O Manifesto da Mímica Total


A arte não cria mentiras. As representações e as criações de máscaras
acontecem freqüentemente no nosso cotidiano. A arte é o espaço-tempo onde
se cria realidade e quebram-se as representações. Ela afirma a vida em sua
plenitude, os sentimentos, as alegrias, as dores, o ridículo do ser humano,
revelando o que se passa despercebido no dia a dia.

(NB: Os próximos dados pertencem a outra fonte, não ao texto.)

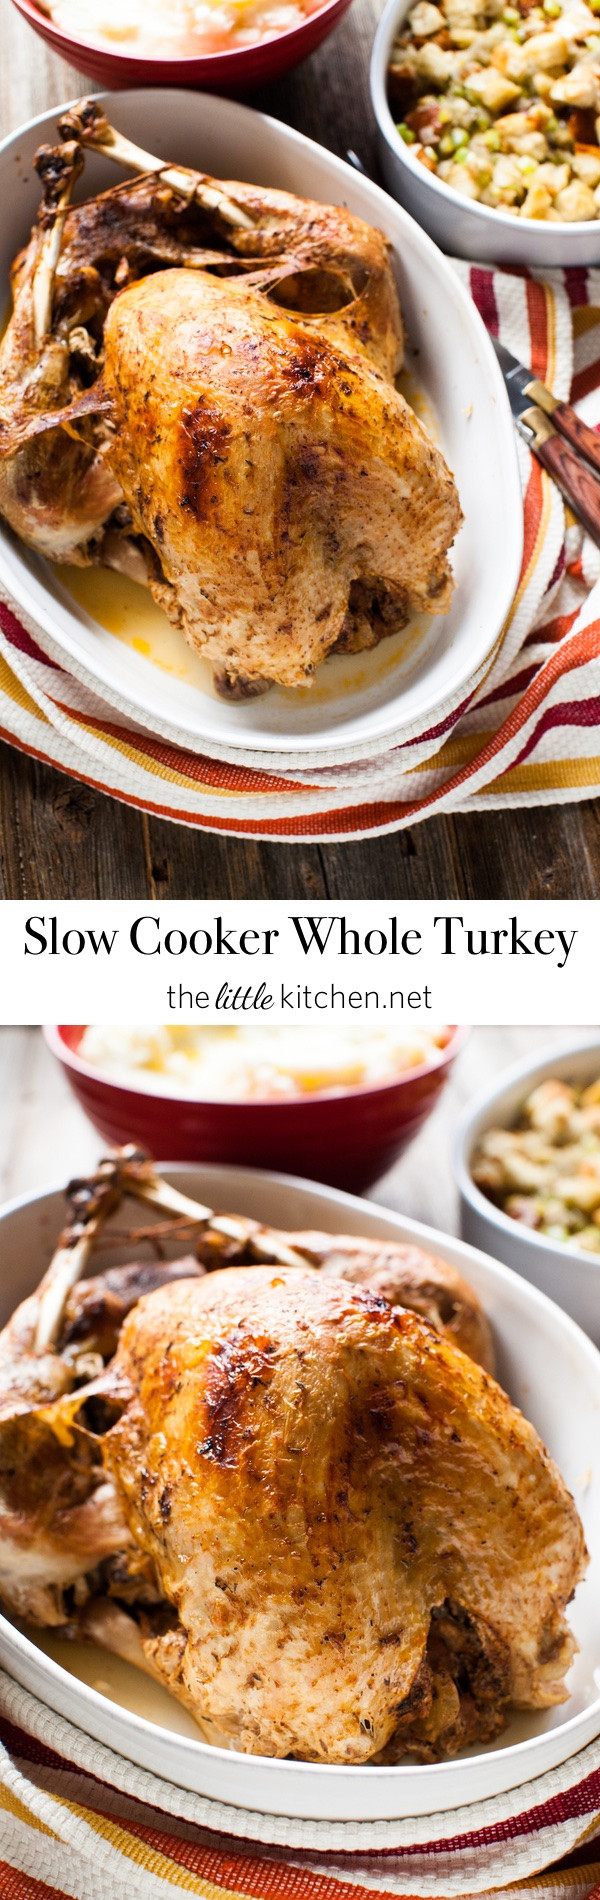 Slow Cooker Whole Turkey  Slow Cooker Whole Turkey The Little Kitchen

A arte não mostra, ela revela. Ela não é um espelho da sociedade, mas a própria
realidade.
A arte de corporificar idéias, emoções, sentimentos, de atualizar e presentificar
o virtual em realidade física e vocal, a arte do ser, do estar presente, essa é a
Mímica.
Por ser uma arte que trata diretamente do movimento da vida, da ação, ela
existe desde os primórdios da humanidade e já era encontrada nos ritos
primitivos. Ela teve diferentes fases em seu desenvolvimento, passando por
vários gêneros e estéticas que vão do trágico ao cômico. Na Mímica Clássica o
gênero da pantomima foi o mais conhecido. Na Moderna, foram a Mímica
Corporal Dramática e a Mímica Subjetiva. A Mímica Contemporânea é mais
conhecida pelo nome de Teatro Físico que tenta se dissociar do conceito de arte
silenciosa (pantomima) e enfatizar também a mímica vocal, isto é, a
corporificação dos sons do pensamento, da respiração e da Natureza.
O Mímico fala, canta, grita. A mímica dos ritos primitivos já incorporava gestos e
sons. Na Antiguidade, os mímicos gregos e romanos utilizavam falas e textos
escritos em suas encenações.
É no gênero da pantomima que não há falas, onde a narrativa gestual acontece
no silêncio.
Por presentificar a vida, a mímica é encontrada nas mais diversas áreas. Existe a
mímica do artista plástico, do bailarino, do ator tradicional, da vida cotidiana. De
fato, onde há vida há mímica. Pintores e escultores são mímicos fantásticos.
Como dizia Lecoq, “A habilidade de Picasso de desenhar um touro dependeu
dele ter achado a essência do touro nele mesmo, que liberou as formas dos
gestos em sua mão.
Ele fazia mímica. O ato da mímica é literalmente o de
corporificar e, portanto, compreender melhor”. O bailarino ao
corporificar uma sensação na ação dançada está fazendo
mímica, assim como o ator de teatro tradicional que, ao
corporificar o subtexto e os monólogos interiores do
personagem na ação física e vocal, pratica a mímica. Os nossos
gestos cotidianos e expressões são frutos do ato de
corporificação, ou seja, da mímica. Ela é uma maneira de
descobrir e redescobrir a vida com um frescor renovado.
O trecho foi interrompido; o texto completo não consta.